### Data extract
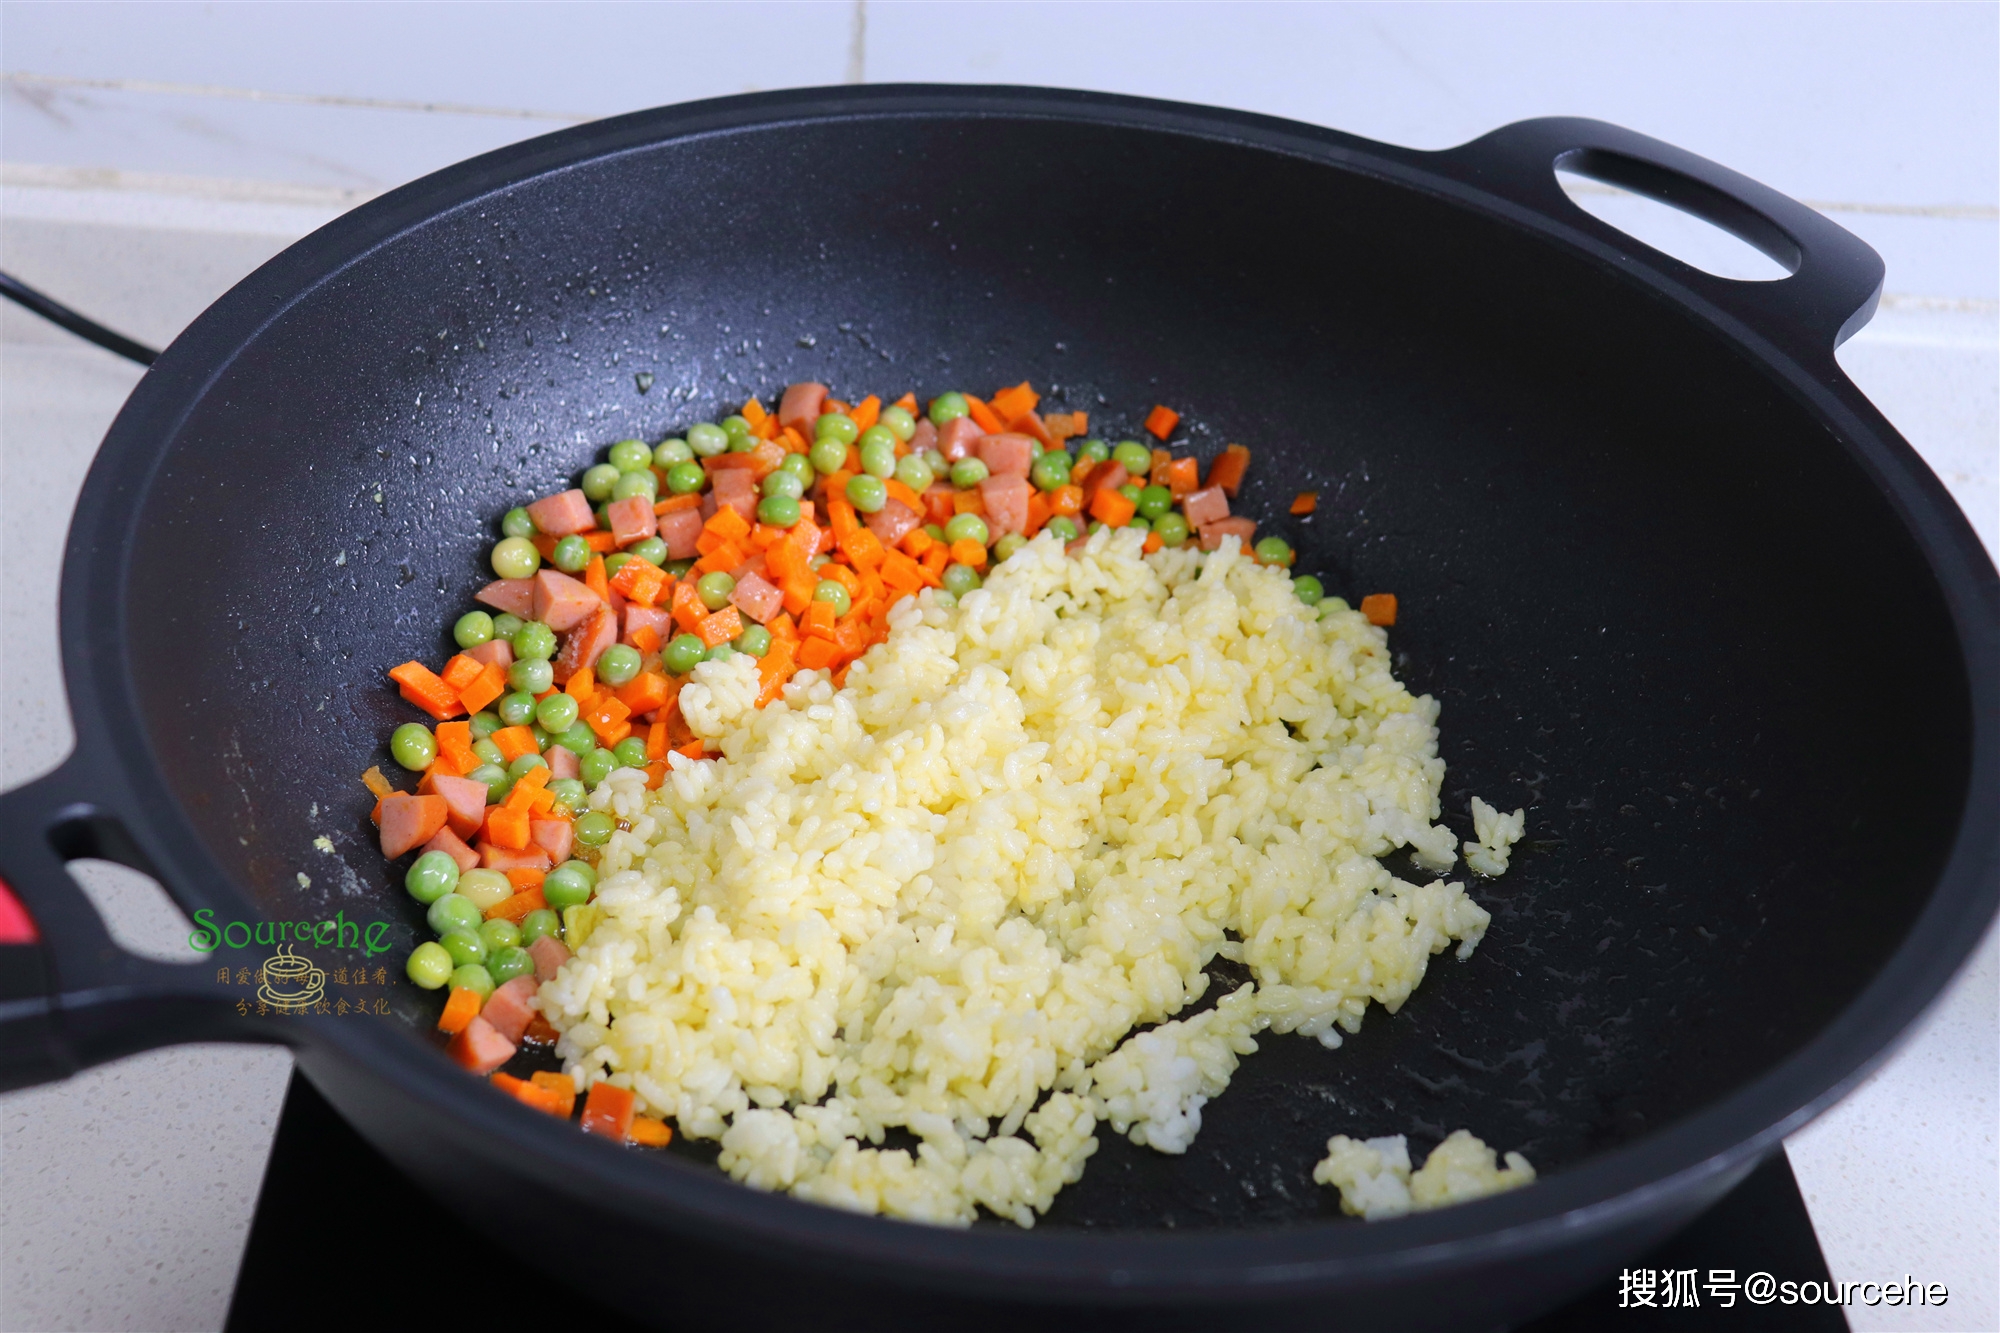 原创
            蛋炒饭时多加一步，米饭可以在锅中跳舞，粒粒分明，很好吃！
                
                 
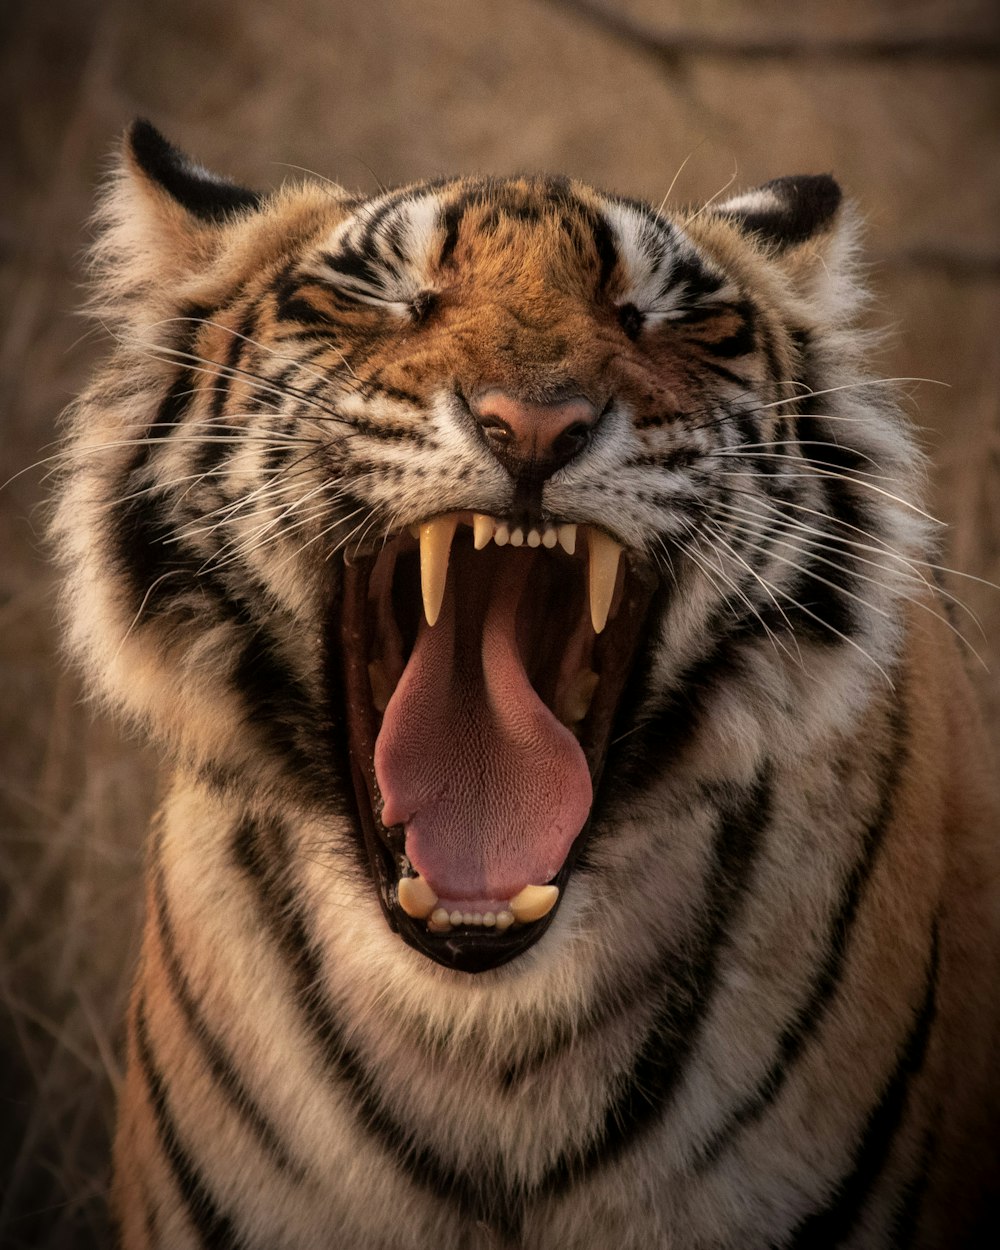 Brauner und schwarzer Tiger mit Zunge

### Activity
Reproduce the material above in full, images excluded.

### The completed task
 原创
            蛋炒饭时多加一步，米饭可以在锅中跳舞，粒粒分明，很好吃！
                
                 
 Brauner und schwarzer Tiger mit Zunge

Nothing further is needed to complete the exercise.